(Provided data)

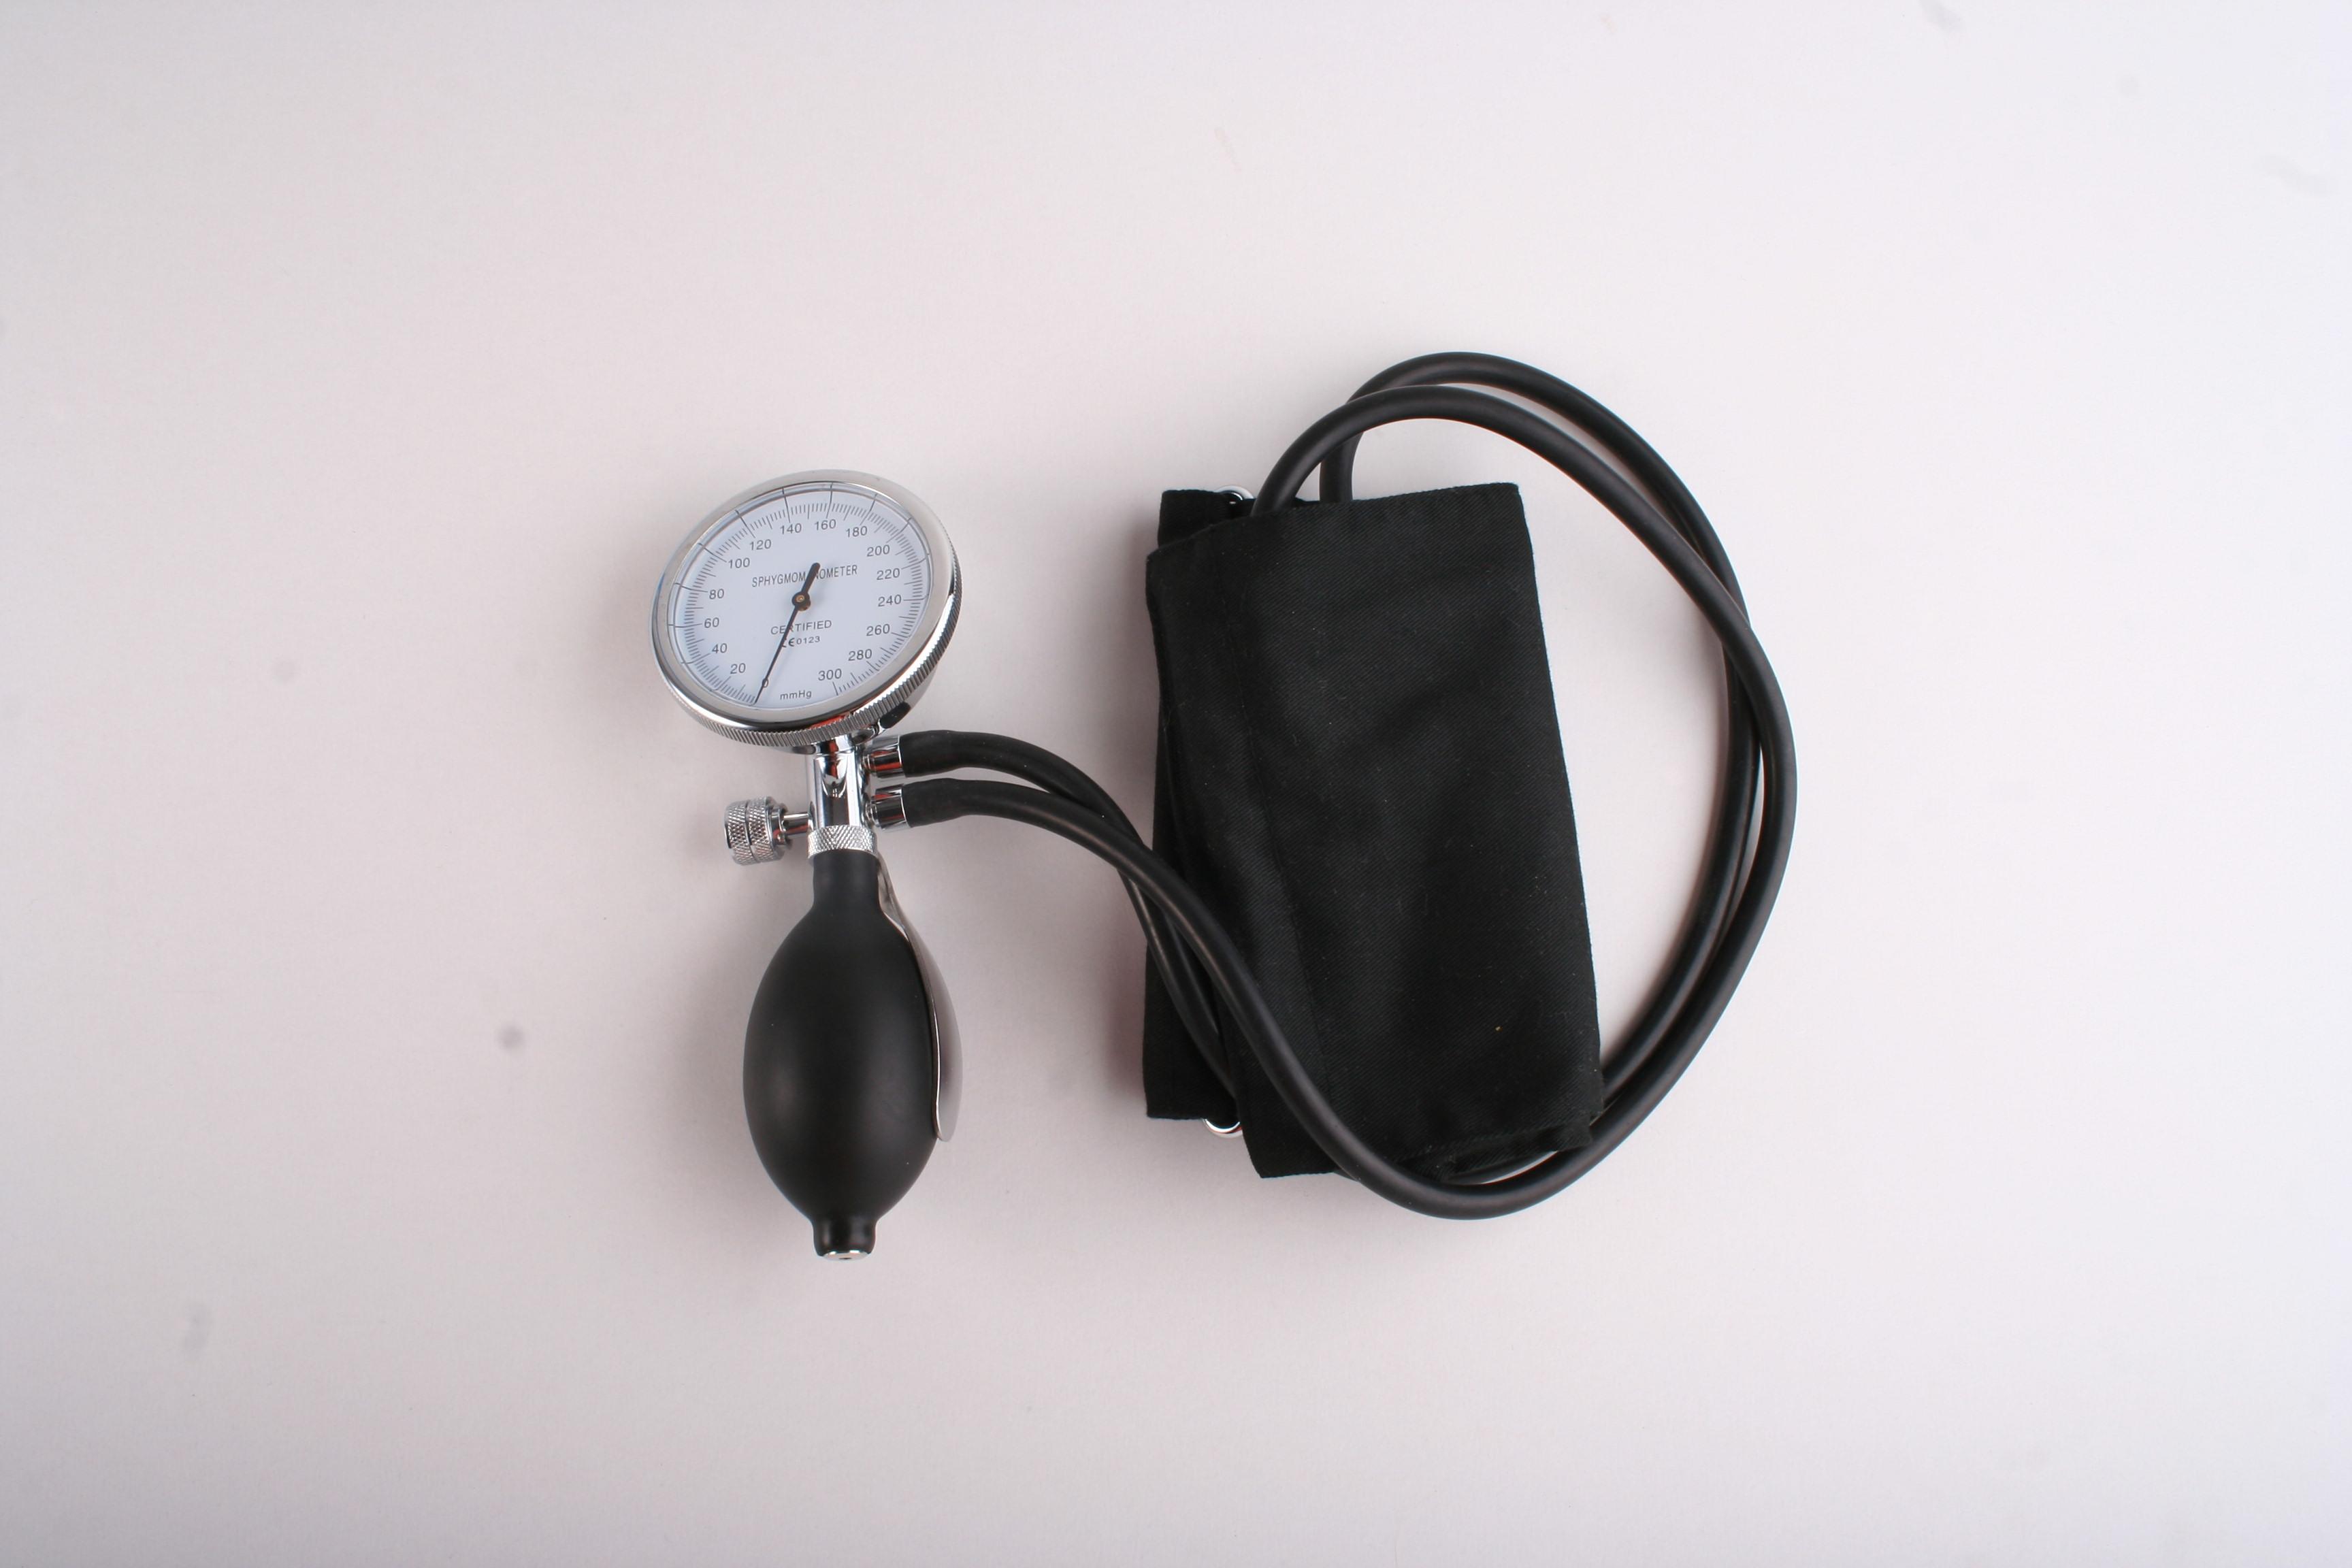 K-201C29 fonendoskopy, měřiče krevního tlaku: Hodinkový měřič TK, 2 had.0-300mm Hg,s kalibrací
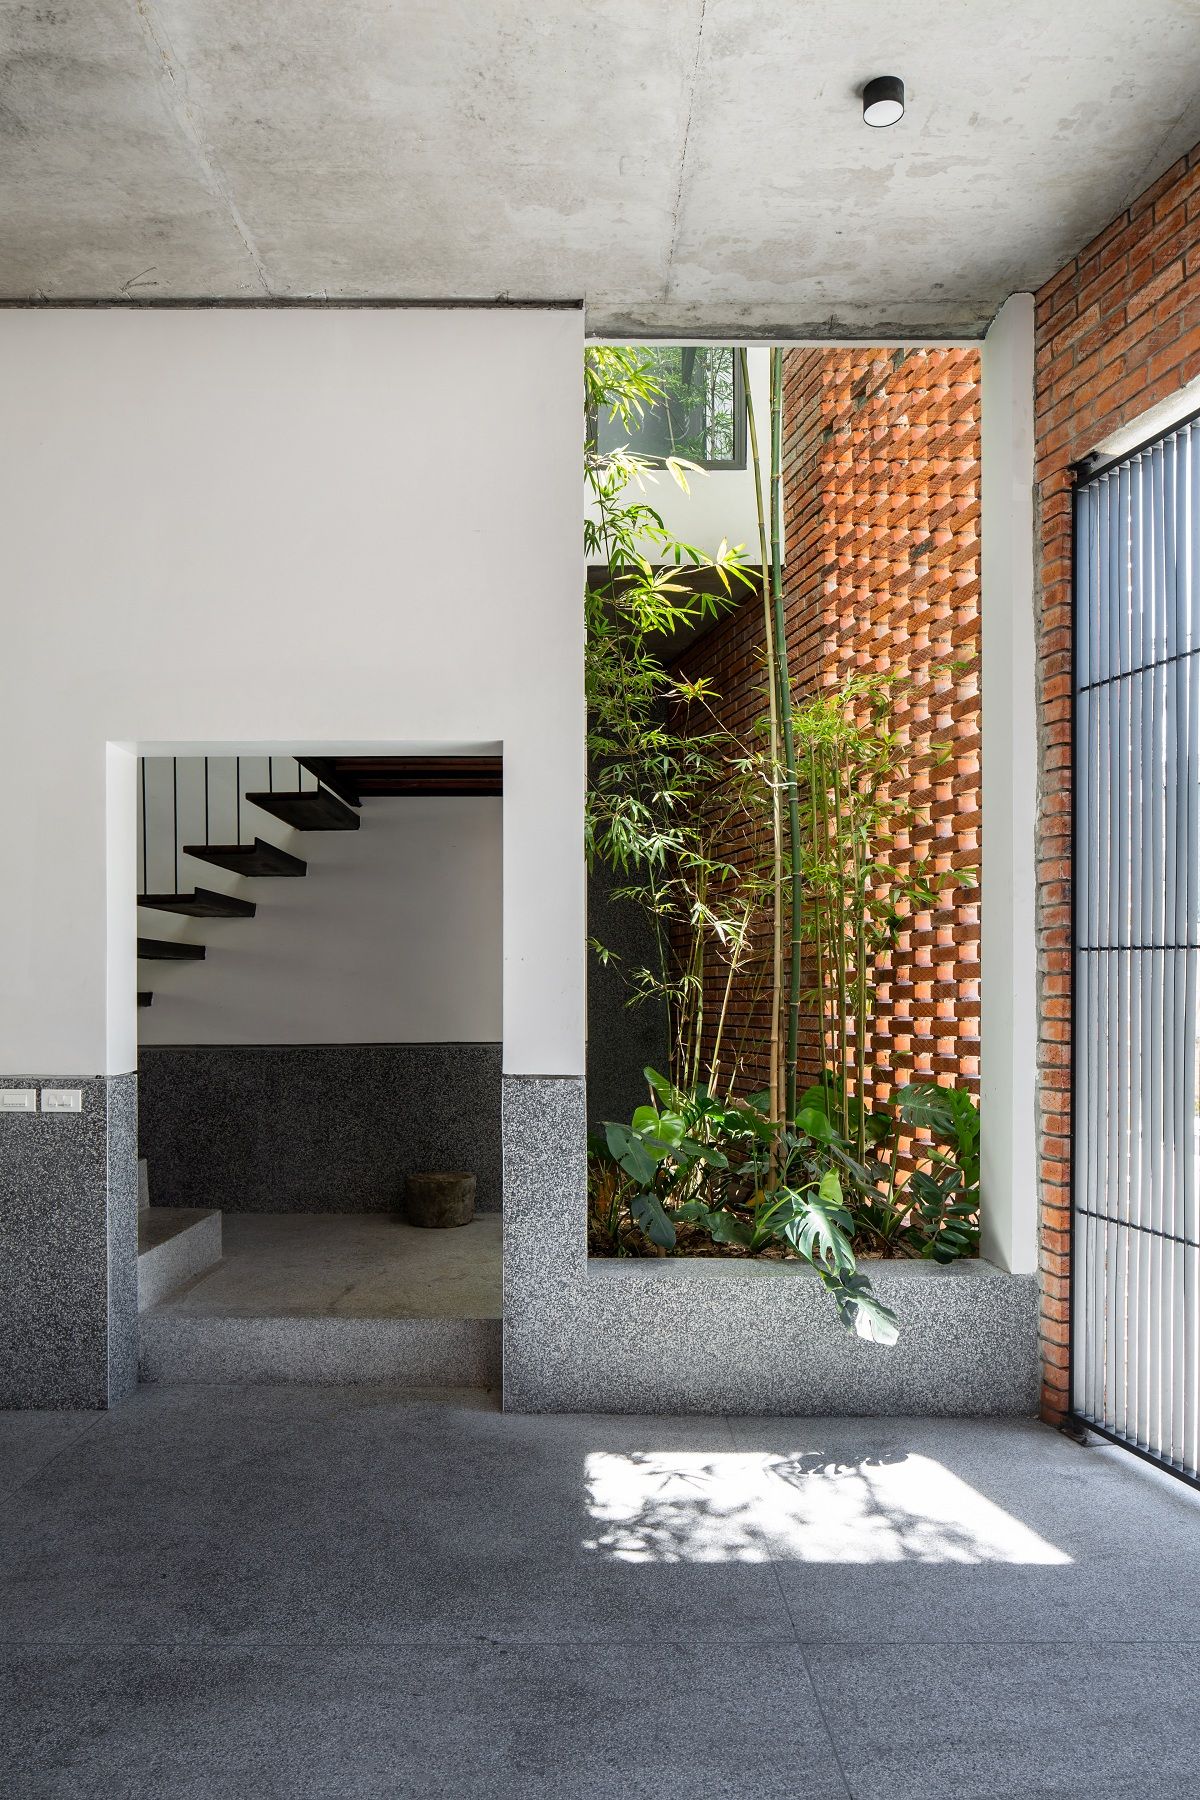 The Tiamo House  - Căn nhà “hướng nội” | DOM architect Studio
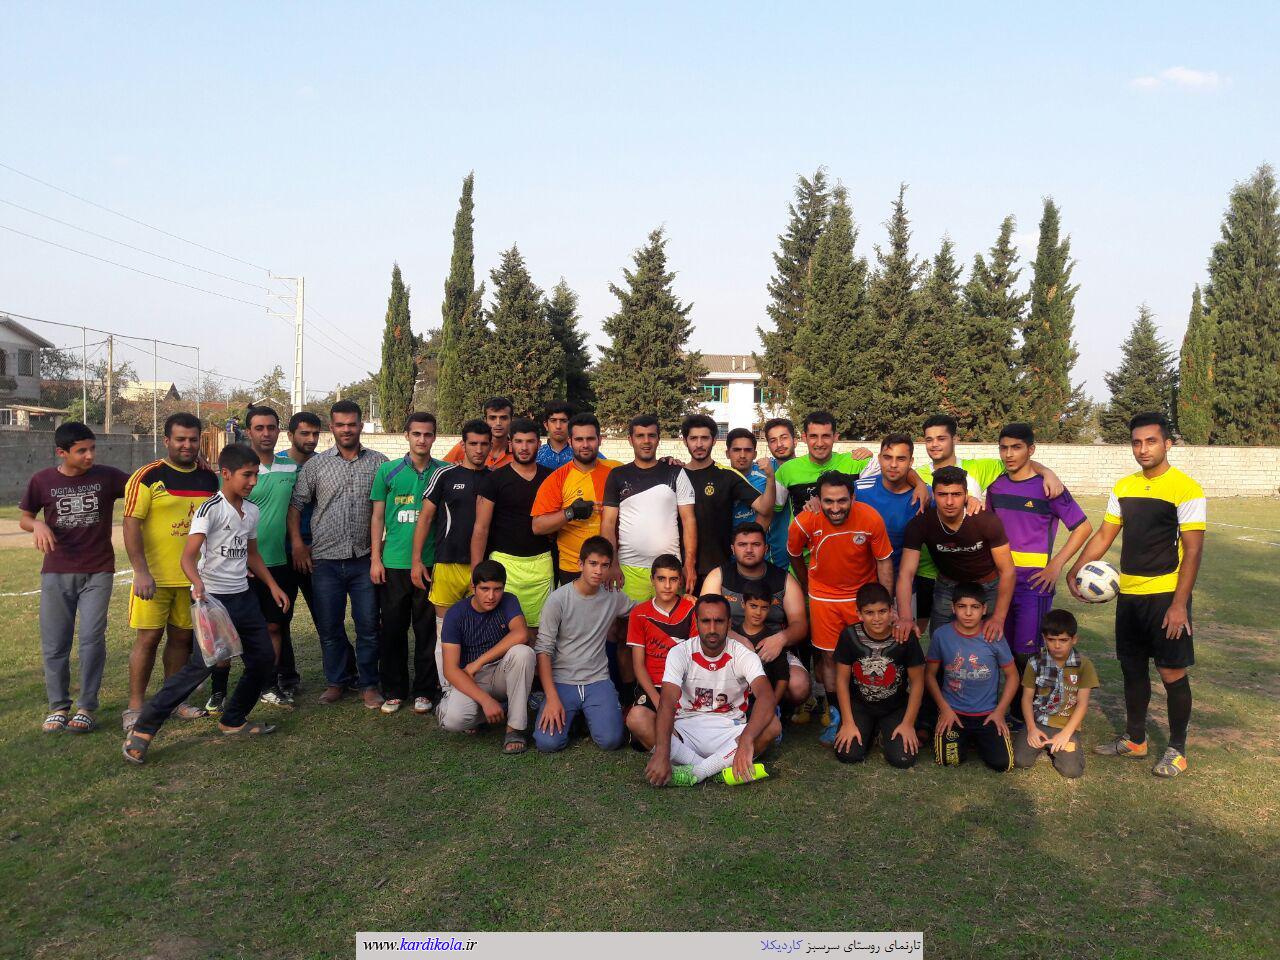  حضور جوانان و نوجوانان در روز 23 مهرماه در زمین فوتبال
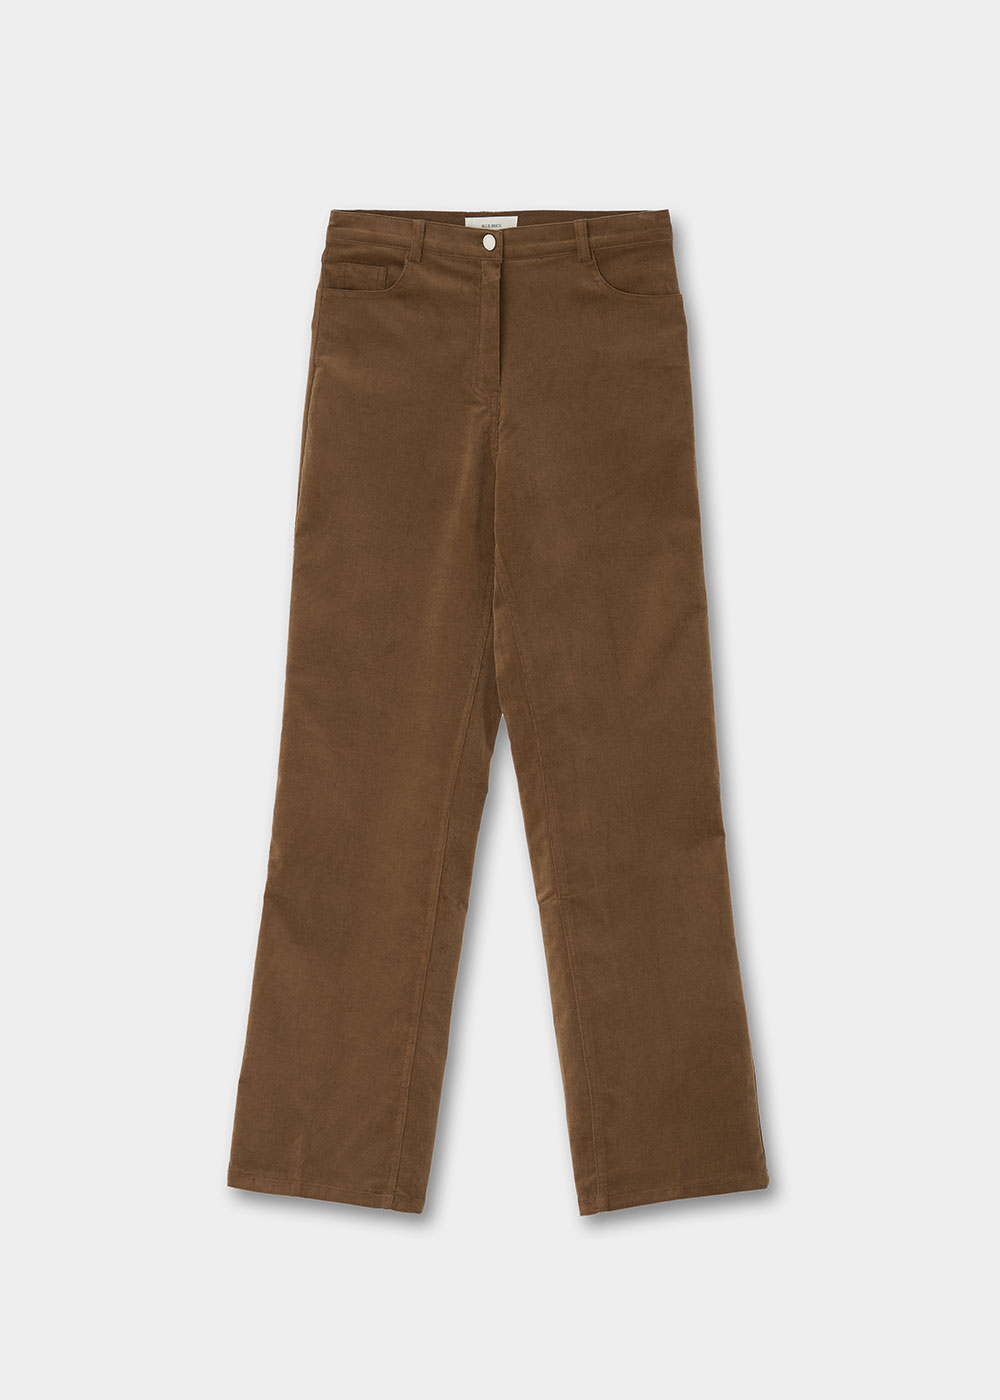 블루브릭,Corduroy boot cut pants (brown)

(End Provided data)

■ Exercise ■
Without including any pictures, reproduce the listing exactly.

■ Answer ■
 K-201C29 fonendoskopy, měřiče krevního tlaku: Hodinkový měřič TK, 2 had.0-300mm Hg,s kalibrací
 The Tiamo House  - Căn nhà “hướng nội” | DOM architect Studio
  حضور جوانان و نوجوانان در روز 23 مهرماه در زمین فوتبال
 블루브릭,Corduroy boot cut pants (brown)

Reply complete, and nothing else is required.